The gap between prices of oil and natural gas could shrink sooner than most experts expect, according to a recent energy market analysis by CME Group, a leading market analyst in the energy sector.

In a report published on Feb. 6, CME Group said it disagrees with the market consensus that natural gas prices will remain much lower than oil prices for at least five years. “Our perspective … is that structural change in the natural gas market is re-setting conditions in a way such that the energy price spread between natural gas and crude oil may close faster than expected,” the analysis states. “If natural gas and crude oil come more directly into competition with each other as sources of energy for end-users, then the energy price gap might be closed in a matter of years.

CME Group points to the transportation sector as the key area where oil and natural gas will be competing on price sooner than many observers realize. “Long dominated by oil and related refined products, natural gas is now moving into the transportation space,” the analysis states. “It is this area of potential direct competition in the transportation sector which we think has the most potential to shrink the price spread between the two energy sources in a more rapid manner than many market participants currently appreciate.”

CME says that investments in natural gas for transportation have been robust. “As of 2012, 1 in 5 new transit buses in the U.S. were natural gas fuelled.
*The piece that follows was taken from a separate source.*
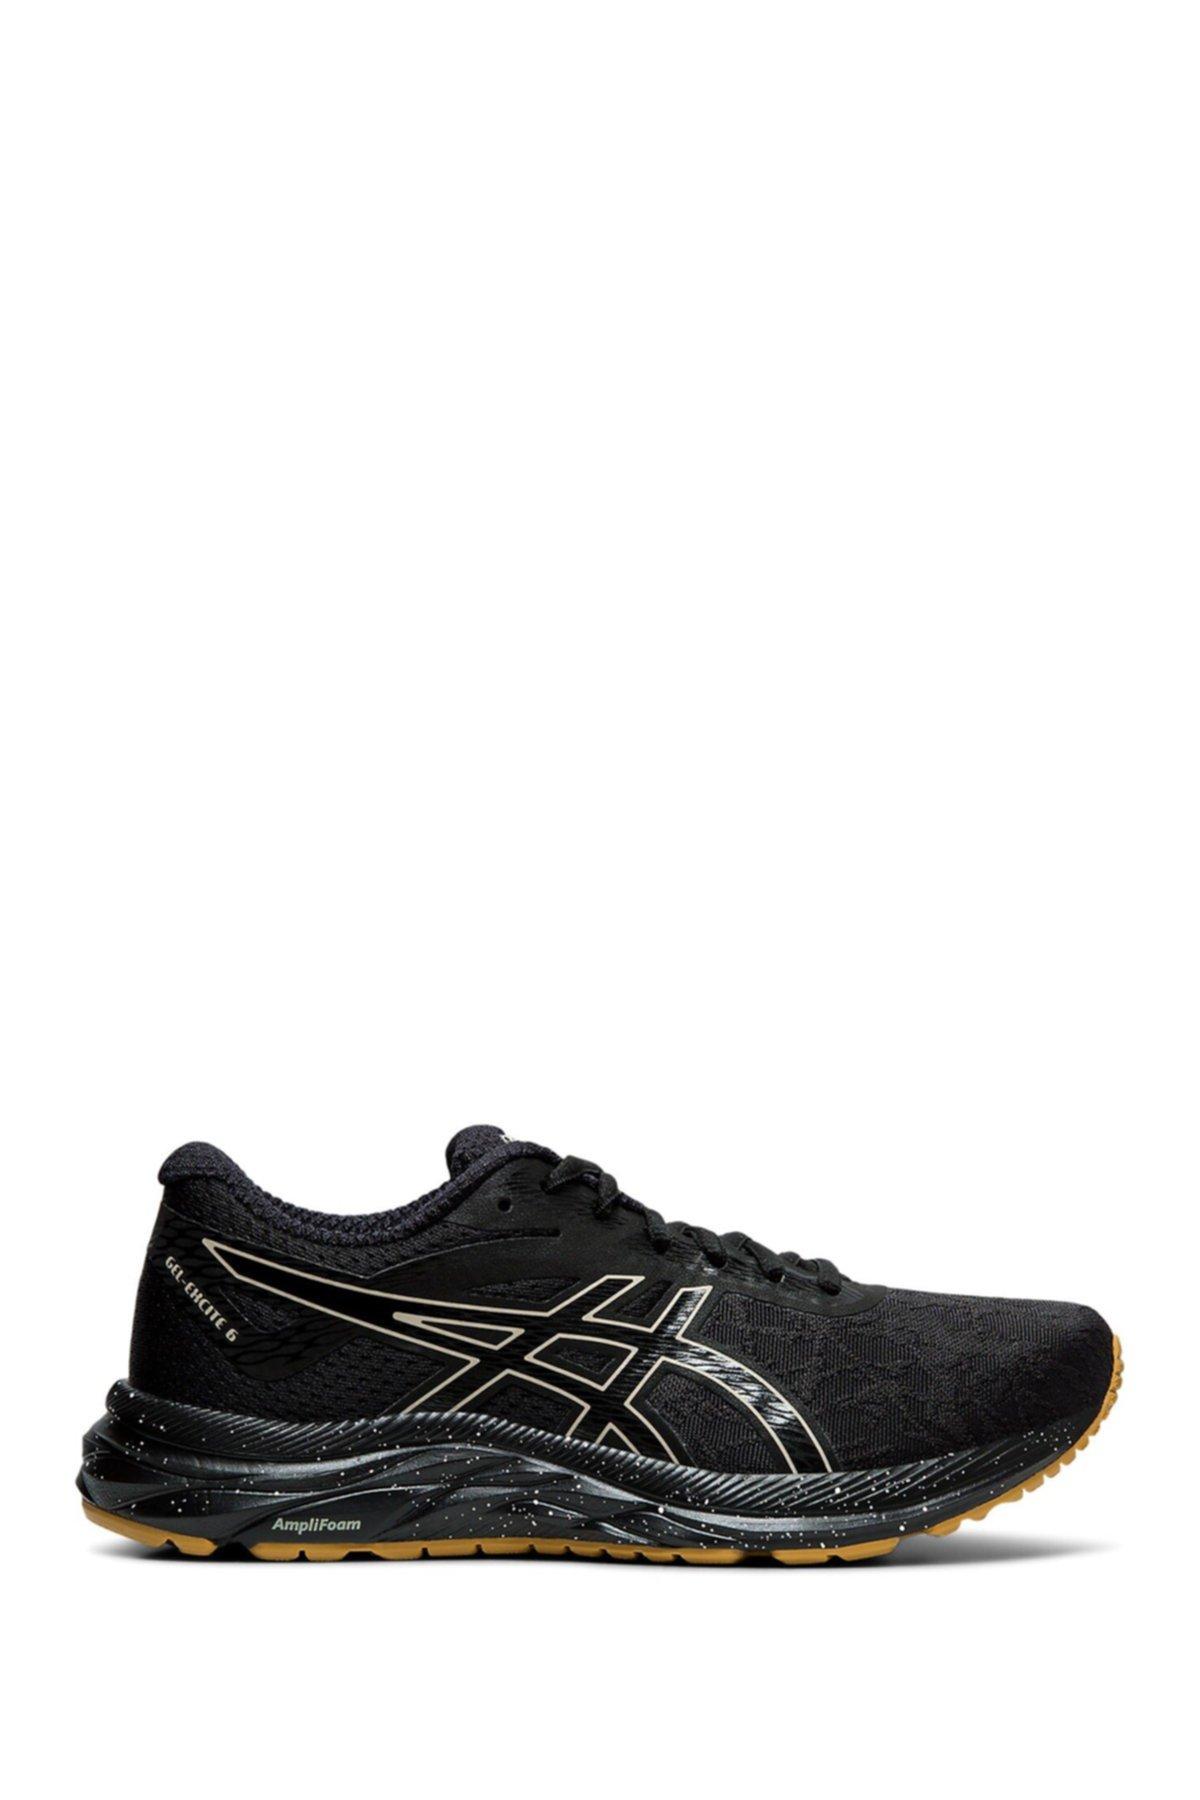 Гель Excite 6 зимние кроссовки для бега ASICS

The viability of mass natural gas passenger vehicle growth requires a network of CNG filling stations – which may be a long way off. But then again – it might not be so far off. Shell recently announced 100 LNG fuelling stations, and Clean Energy Fuels Corp. built 150 new LNG fuelling stations in 2012/2013.

“The [U.S. Energy Information Administration] estimates that between 2011 and 2040, natural gas usage in transportation will grow at an annual rate of 12% per year. We think this may represent a large underestimate of the growth rate and potential for natural gas to cause a major shake-up within the transportation sector. In 2013 alone, four large companies rolled out new 12-liter LNG engines – which are ideal for heavy duty 18 wheeler trucks.”
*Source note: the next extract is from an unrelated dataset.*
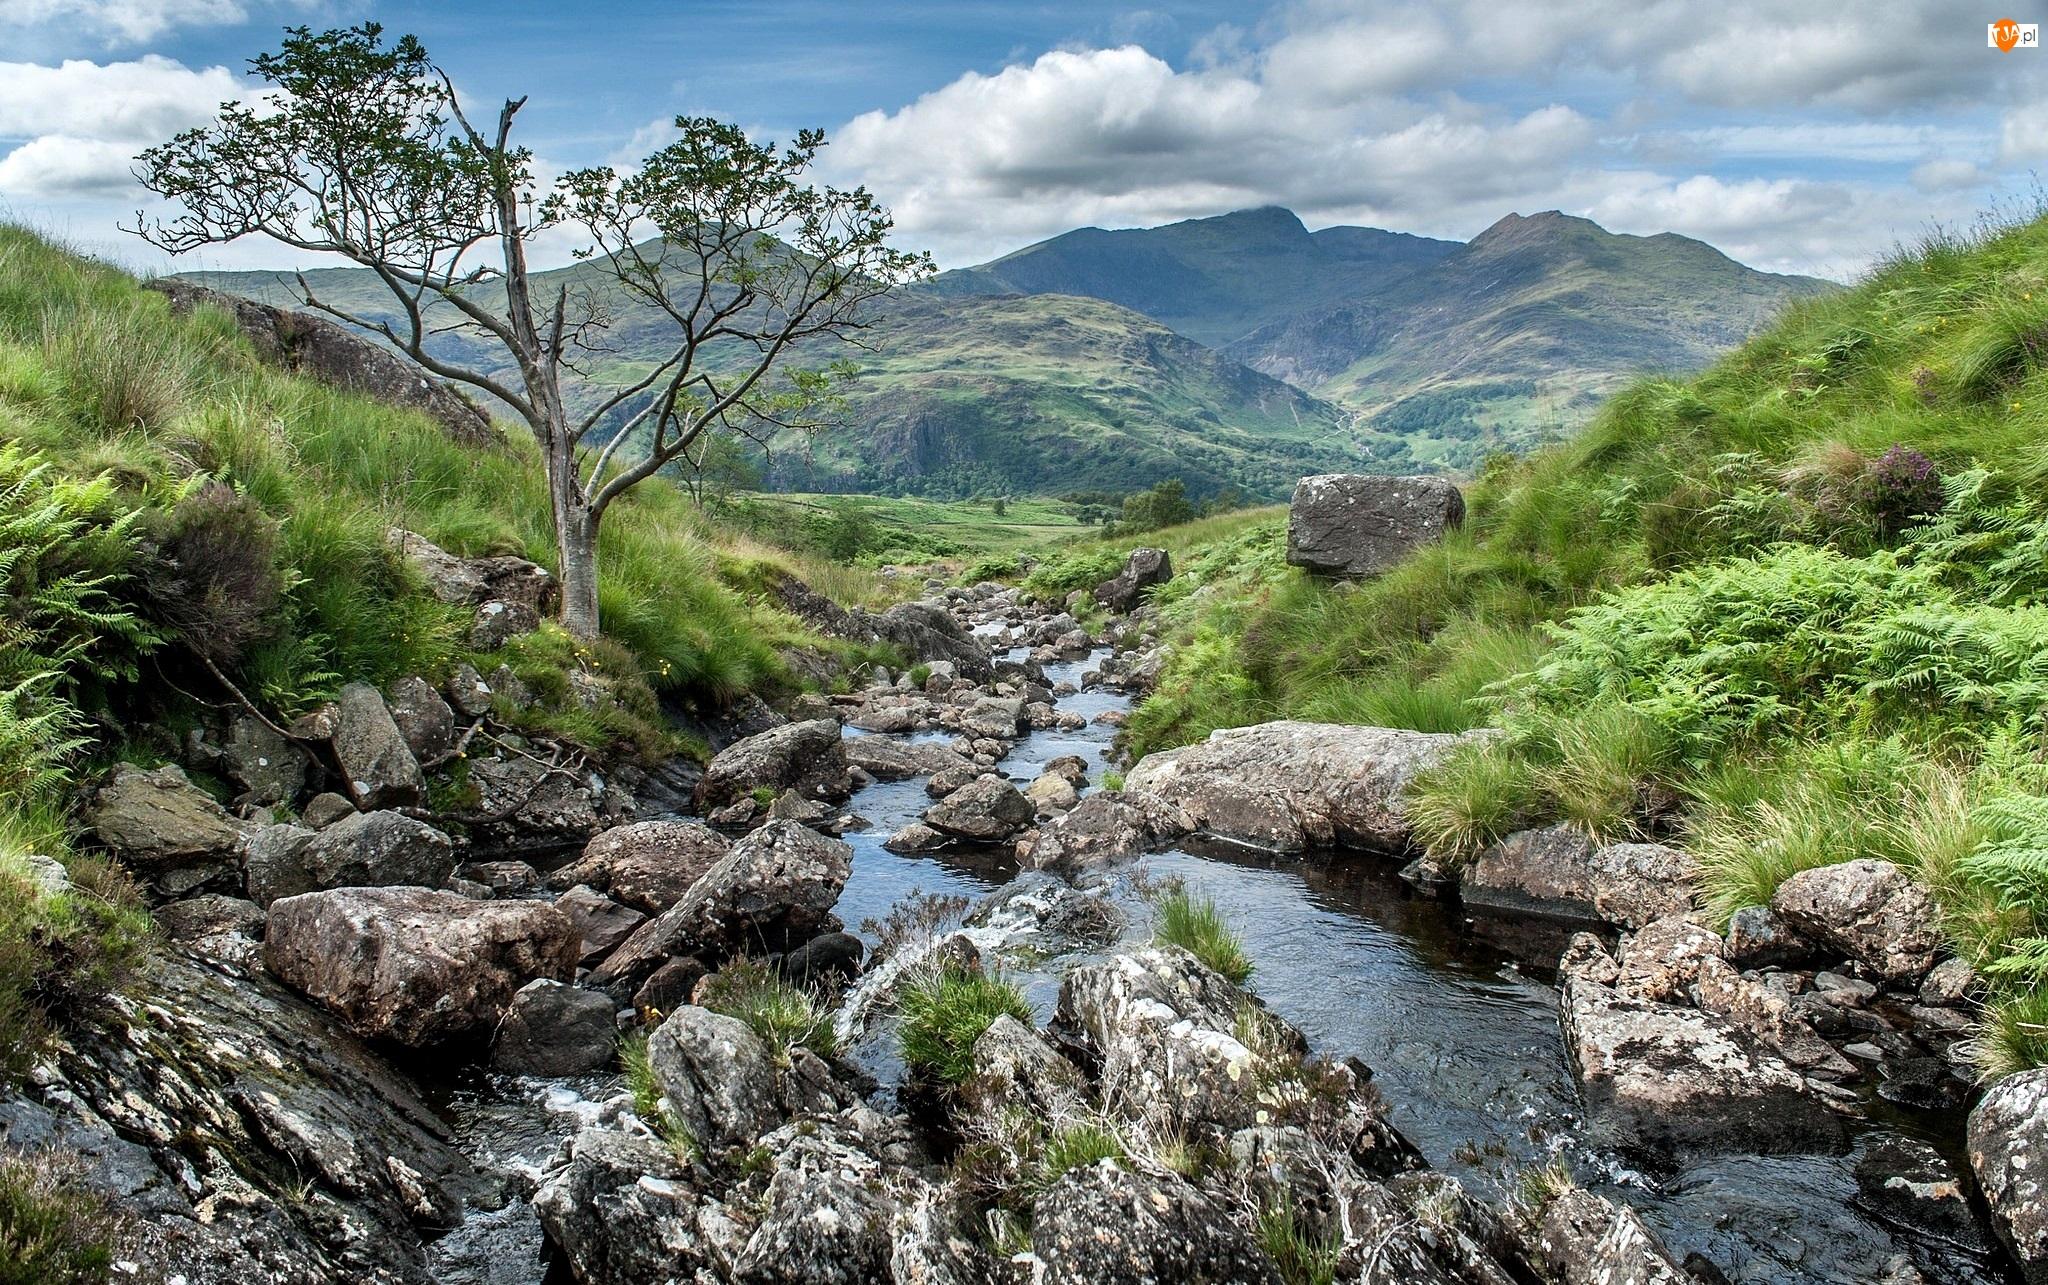 Wzgórza, Kamienie, Walia, Drzewo, Park Narodowy Snowdonia, Rzeczka

 CME sees other examples of natural gas taking hold in the shipping and railroad sectors. Natural gas exports could also help speed a price convergence, according to CME. “Consider how the variability of global and domestic gas prices would be affected by U.S. natural gas exports if untethered from current export restrictions, given that natural gas prices are about three times higher in Europe and even higher in Japan, compared to the U.S.”

“Our base case scenario is that the energy price spread between WTI crude oil and U.S. natural gas will narrow much faster than the official energy agencies or futures markets currently suggest,” the report states. “There may be a lack of appreciation of the large investments in new and expanded uses of natural gas that are in progress but have not yet reached fruition. That is, considerable money and brain power is already being spent to develop natural gas in the transportation sector, although the results are only starting to become visible.

“As the direct competition actually materializes and can be seen by everyone in the energy use data, market perceptions may start to change. Even if natural gas just increases its share of energy use for transportation from 3% to the 7% to 10% range over the next five years, that could translate into a dramatically faster closing of the energy price gap than the consensus now suggests.”